Gervasi Francesco, Lo Verso Raffaella, Giambanco Caterina, Cardinale Giovanni, Tomaselli Carmela, Pagnucco Guido
Division of Hematology, Department of Oncology, A.R.NA.S. Civico-Benfratelli, G. Di Cristina e M. Ascoli, Palermo, Italy.
Ann N Y Acad Sci. 2004 Dec;1028:457-62. doi: 10.1196/annals.1322.054.

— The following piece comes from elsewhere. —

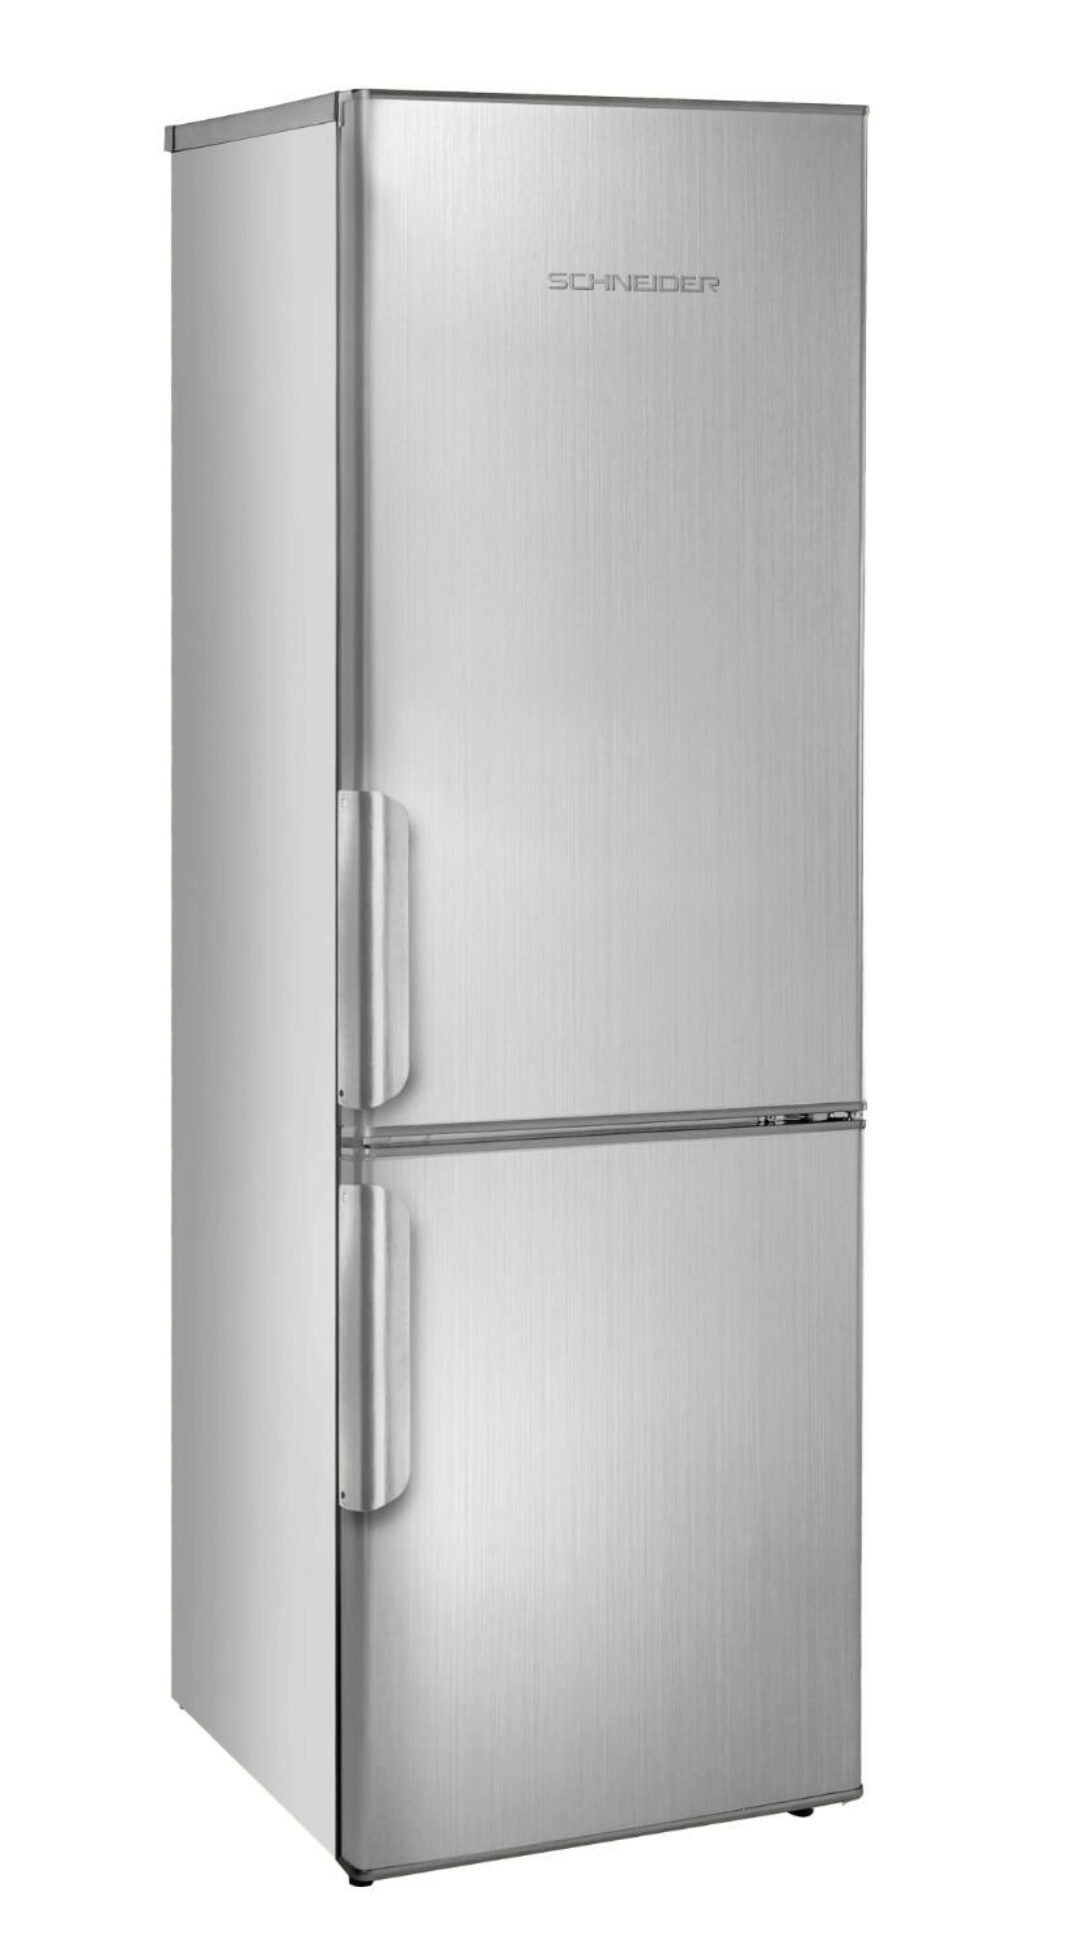 Refrigerator freezer combo black 300 L - Schneider

Multiparametric clinical flow cytometry has evolved from two-parameter quantitative assessment of lymphocytes to assessment of many qualitative parameters of suspensions obtained from bone marrow, peripheral blood, and lymph nodes for hematopathology. Nowadays, lymphoma immunophenotyping is a necessary complement to morphology and molecular parameters in the diagnosis and monitoring of human hematopoietic malignancies. The aim of the present study was to determine whether immunophenotypic differences could be used to distinguish between non-Hodgkin's B cell lymphoma (NHL-B) and the normal B cell subpopulation by assessing the variability in the patterns of expression of some lymphoid antigens (CD5, CD19, FMC7, CD23, CD20, CD79b, CD38, CD22, CD10, sIgkappa, sIglambda, mIgA, mIgG, mIgM, and mIgD) in specimens obtained from patients with NHL-B. We have studied peripheral blood samples, lymph node suspensions, and bone marrow specimens from 20 patients with malignant lymphoma and from controls without oncohematologic disease. Some patients showed stable patterns of antigen expression that remained unchanged over time and were consistent from one specimen to another. Other patients showed more variability in the pattern of antigen expression from different specimens. The two-way cluster analysis of antigens revealed three patterns of expression: (1) most cells in most cases positive (CD5, CD19, CD20, CD23, CD45); (2) most cells in most cases negative (CD10, mIgG, CD22, CD23,CD38); and (3) a mixed pattern with a variable number of positive cases and a variable percentage of positive cells in individual cases (CD22, CD38, CD79b, FMC7, mIgD, mIgM, mIgA, mIgG, sIgkappa, sIglambda). The expression of several antigens was strongly interdependent, even when antigens belonged to entirely different gene families. Such antigen pairs were CD19/CD45; CD19/CD79b; CD23/Igkappa; and CD45/CD79b. Our results suggest that different factors may determine the stability or the variability of such multiantigen expression, particularly the biology and function of the different antigens and the mechanisms of disease dissemination and progression.
多参数临床流式细胞术已从淋巴细胞的双参数定量评估发展到对从骨髓、外周血和淋巴结获取的用于血液病理学的悬浮液的许多定性参数进行评估。如今,淋巴瘤免疫表型分析是人类造血系统恶性肿瘤诊断和监测中形态学和分子参数的必要补充。本研究的目的是通过评估非霍奇金B细胞淋巴瘤(NHL - B)患者标本中某些淋巴样抗原(CD5、CD19、FMC7、CD23、CD20、CD79b、CD38、CD22、CD10、sIgκ、sIgλ、mIgA、mIgG、mIgM和mIgD)表达模式的变异性,确定免疫表型差异是否可用于区分非霍奇金B细胞淋巴瘤和正常B细胞亚群。我们研究了20例恶性淋巴瘤患者以及无血液肿瘤疾病的对照者的外周血样本、淋巴结悬浮液和骨髓标本。一些患者显示出抗原表达的稳定模式,随时间保持不变且在不同标本间一致。其他患者不同标本的抗原表达模式变异性更大。抗原的双向聚类分析揭示了三种表达模式:(1)大多数情况下大多数细胞呈阳性(CD5、CD19、CD20、CD23、CD45);(2)大多数情况下大多数细胞呈阴性(CD10、mIgG、CD22、CD23、CD38);(3)一种混合模式,个别病例中阳性病例数和阳性细胞百分比各不相同(CD22、CD38、CD79b、FMC7、mIgD、mIgM、mIgA、mIgG、sIgκ、sIgλ)。即使抗原属于完全不同的基因家族,几种抗原的表达也强烈相互依赖。这样的抗原对有CD19/CD45;CD19/CD79b;CD23/Igκ;以及CD45/CD79b。我们的结果表明,不同因素可能决定这种多抗原表达的稳定性或变异性,特别是不同抗原的生物学和功能以及疾病传播和进展的机制。